Hassan and I pressed our lips to the sand before the great, open portal.

“On your feet, Slaves,” said the man. Hassan and I rose to our feet.

“You have been troublesome, Slaves,” said the man. “You will be troublesome no more.”

The gate stood open before us. We could see the courtyard, whitish beyond, the moonlight on its sand, the small lamps set in the far walls.

“Herd the slaves before their master,” said the rider, be the leader of our captors.

I felt the point of a scimitar in my back.

“What is the name of the Salt Ubar?” I asked Hassan.

“I thought everyone knew his name,” said Hassan.

“No,” I said. “What is his name?”

“Abdul,” said Hassan.

The scimitar pressed in my back. I, and Hassan, entered the kasbah of the Guard of the Dunes, the Salt Ubar, he whose name was Abdul.

Opulent were the halls and lofty chambers of the kasbah of Abdul, the guard of the dunes, he known as the Salt Ubar of the Tahari.

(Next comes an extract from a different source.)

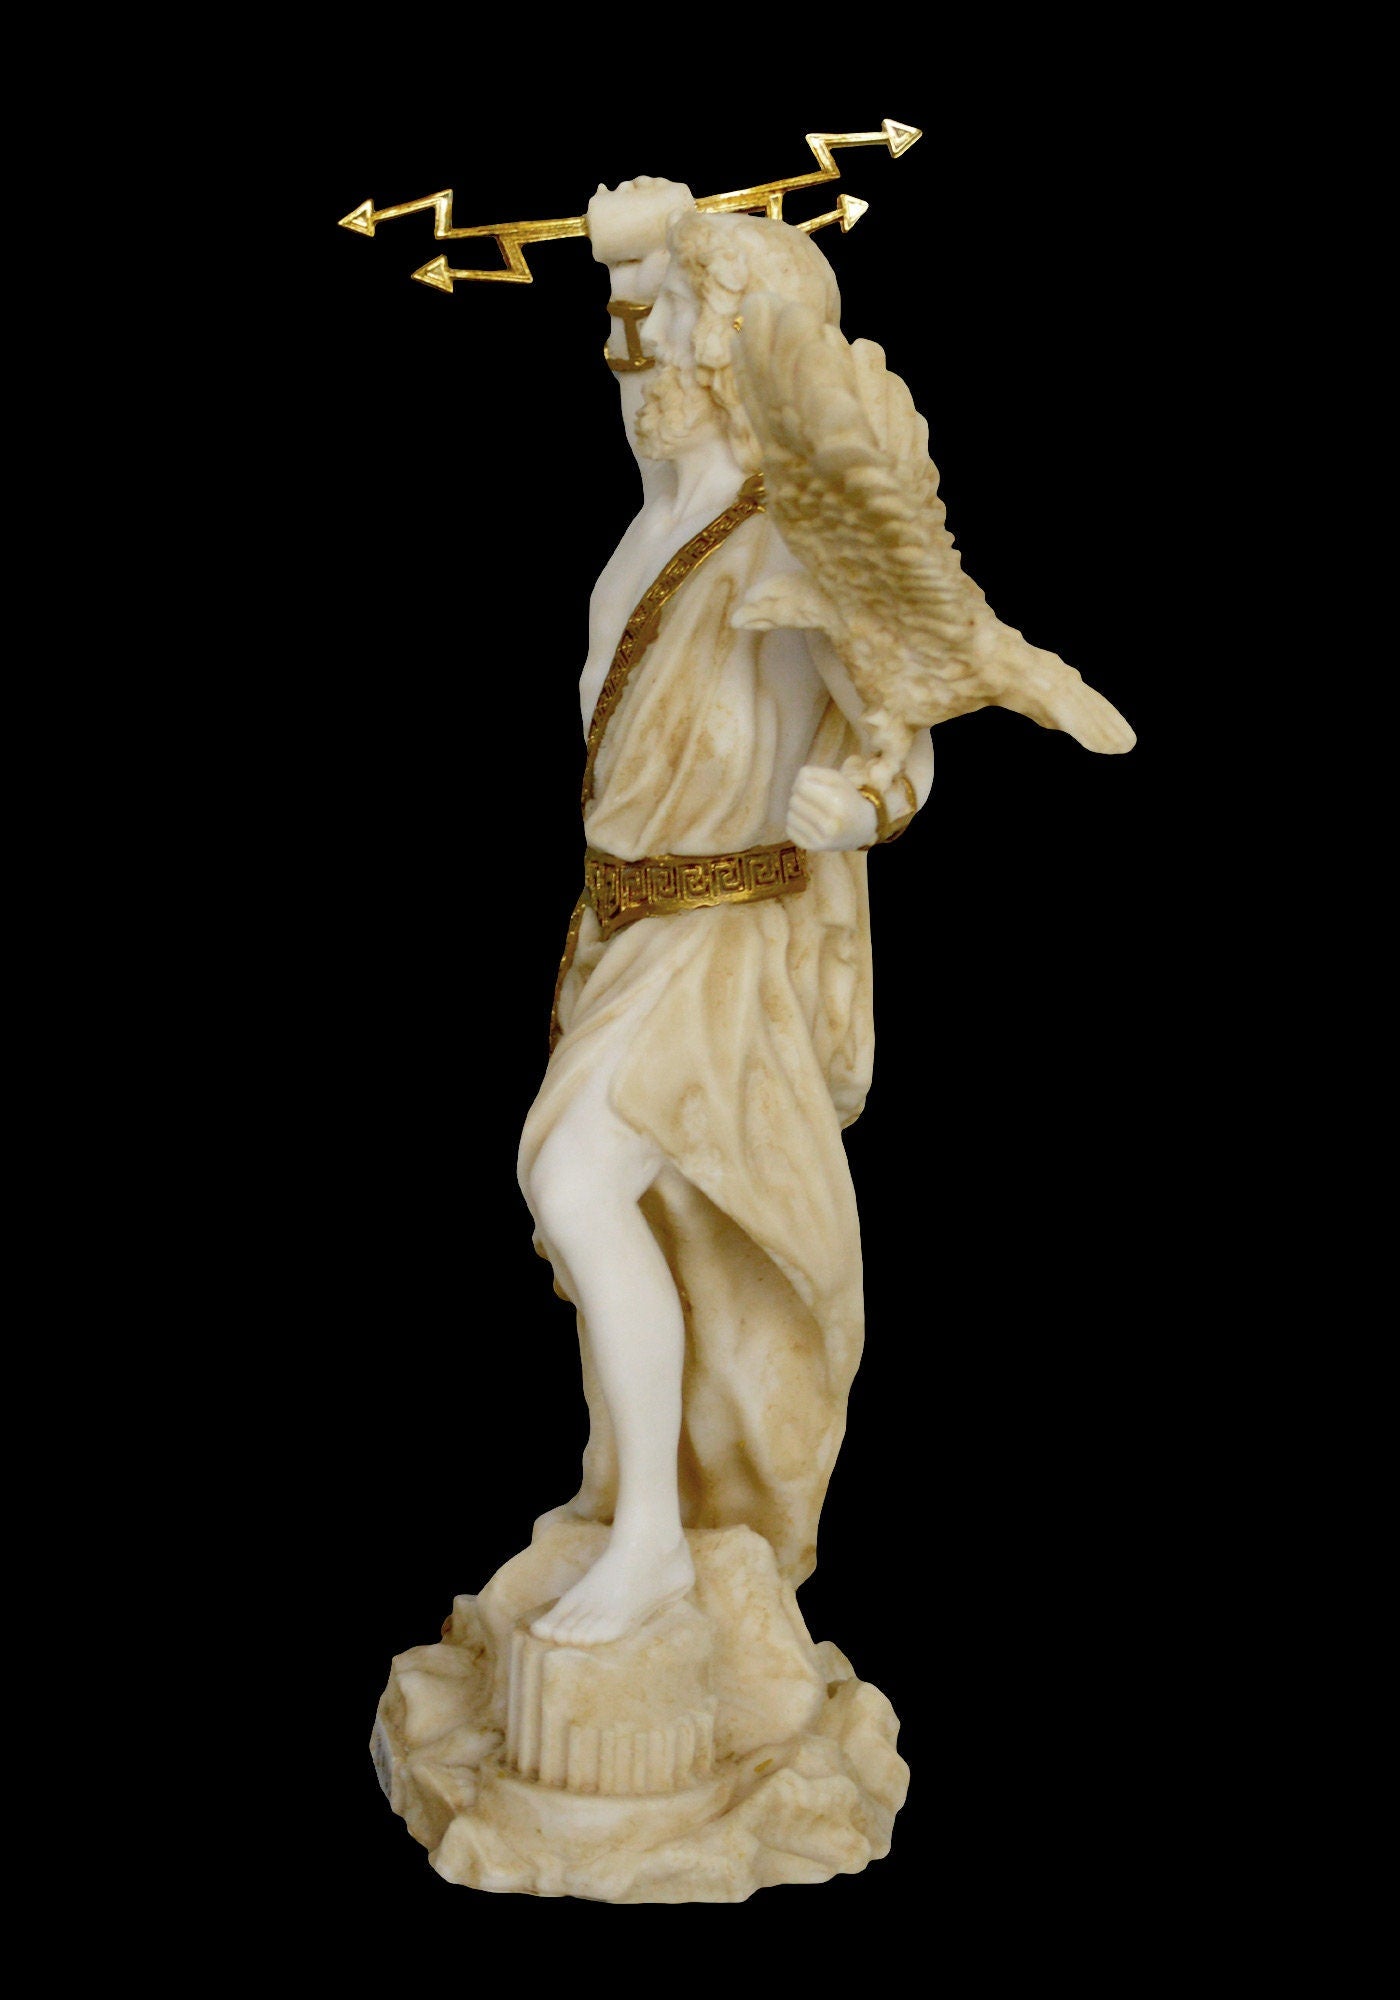 Zeus Jupiter - Greek Roman God of the Sky, Law and Order, Destiny and Fate - King of the Gods of Mount Olympus - Alabaster Aged Statue

Rich and smooth were the variegated, glossy tiles, sumptuous the hangings, slender the pillars and columns, ornate the screens and carvings, brilliant and intricate the stylized floral inlays, the geometrical mosaics. High vessels of gold, some as tall as a girl, gleaming dully in the light of the lamps, were passed on our journey through the halls, into the upper rooms, too, great vases of red and yellow porcelain, many of which were as large as a man, imported from the potteries of Tyros. Beaded curtains did we pass, and many portals, looming and carved.

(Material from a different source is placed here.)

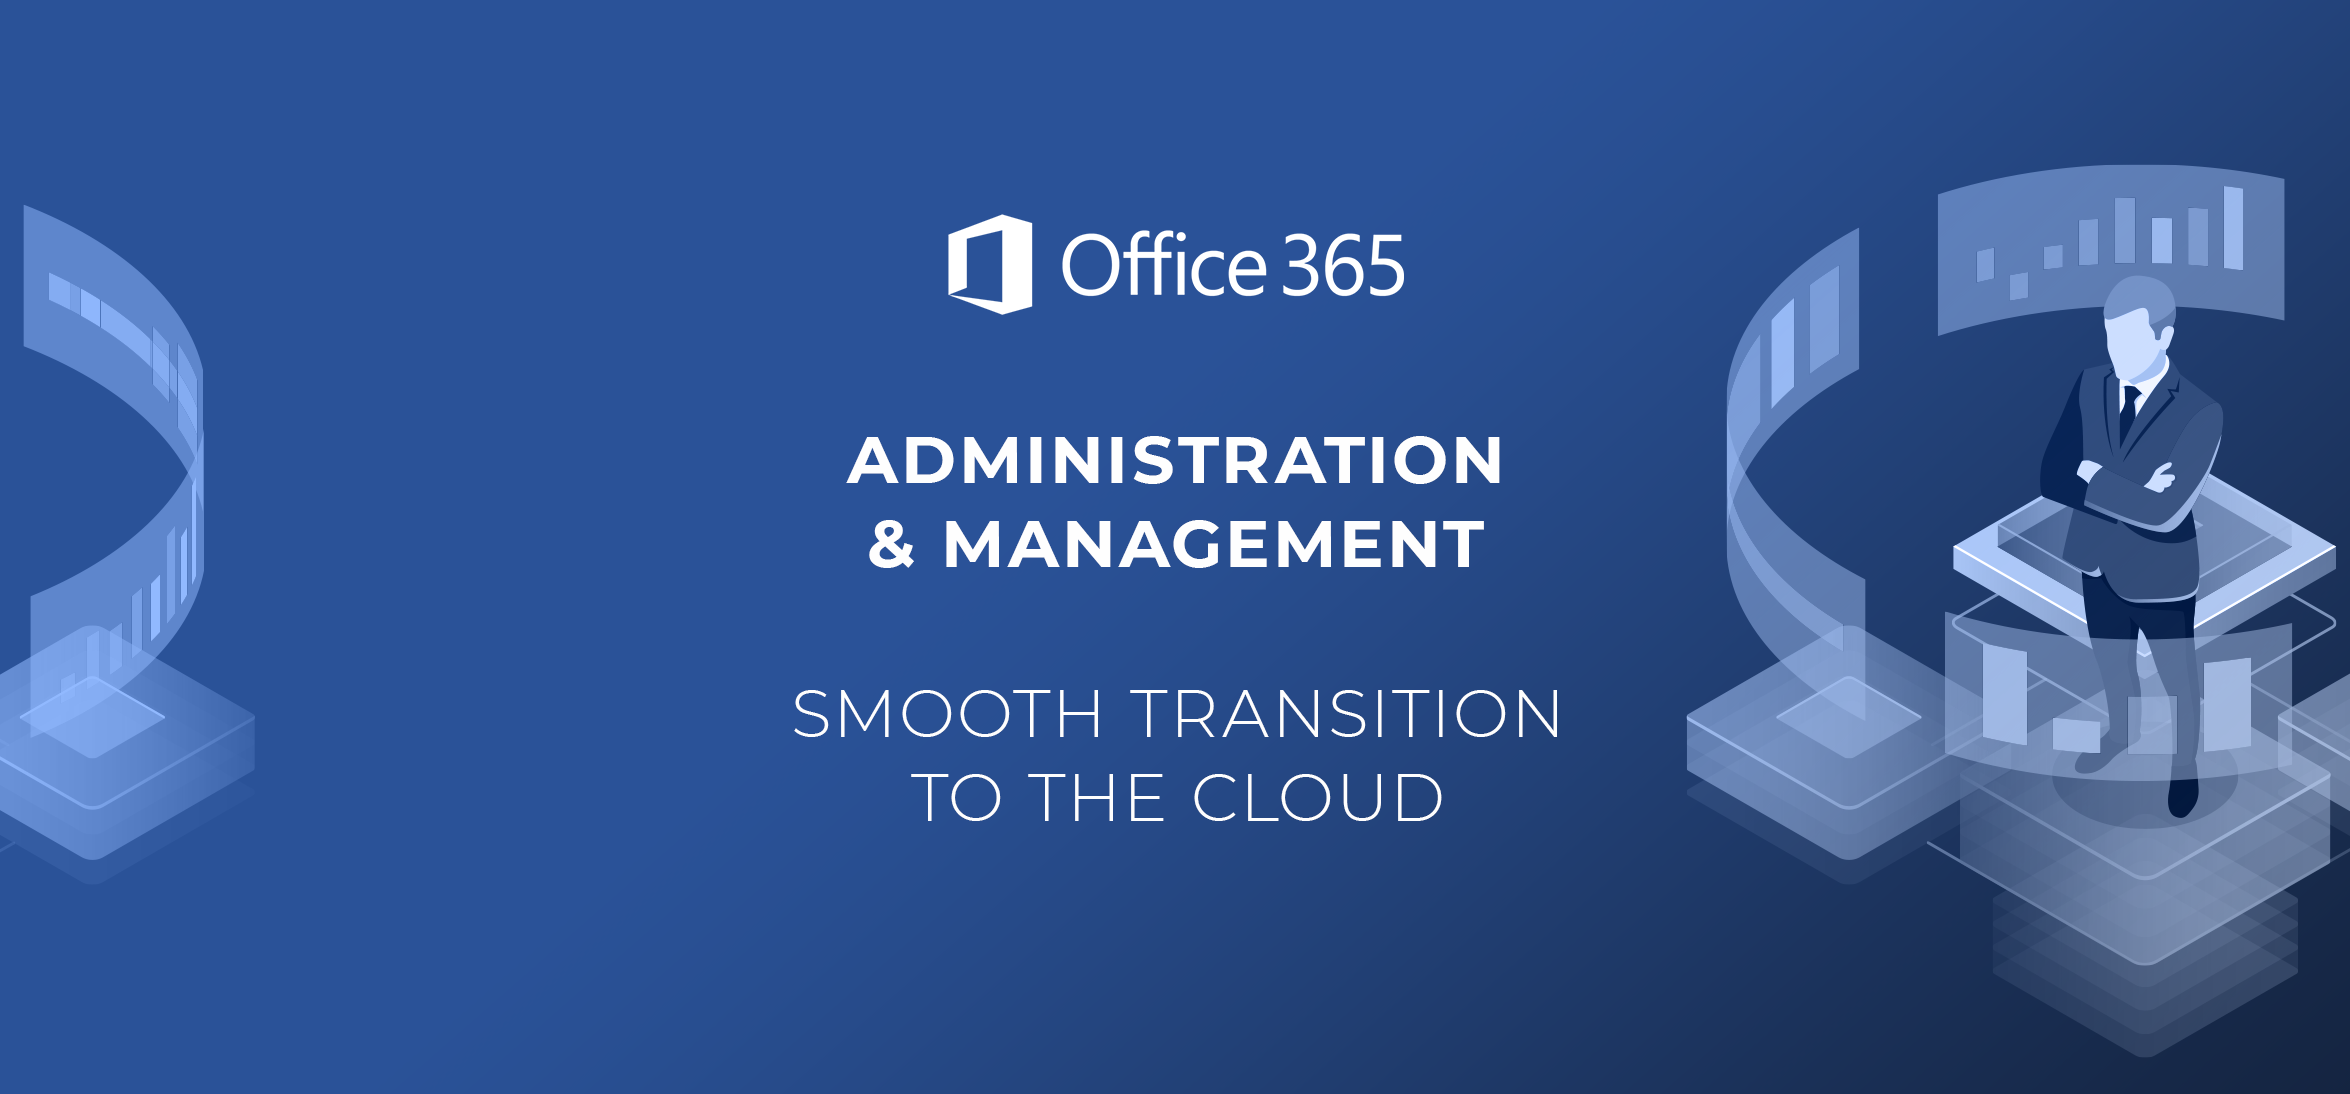 Microsoft Office 365 Administration Services in Lemon Grove CA, 91945

We did not soil the polished floors, nor bring sand within. At the foot of the great stairs, marble and spiraling, leading to the upper rooms, we, and our guards, those accompanying us, some dozen men, paused. Their desert boots were removed by kneeling slave girls, who then, with lavers and veminium water, and oils, pouring and cleansing, washed their feet. The girls were not of the Tahari, and so dried the men’s feet with their hair. To make a Tahari girl, even though slave, do this, is regarded as a great degradation. As discipline, of course, what is routine for a girl not of the Tahari, in miserable Tahari enslavement, may be forced on a slave girl whose origin is itself the Tahari.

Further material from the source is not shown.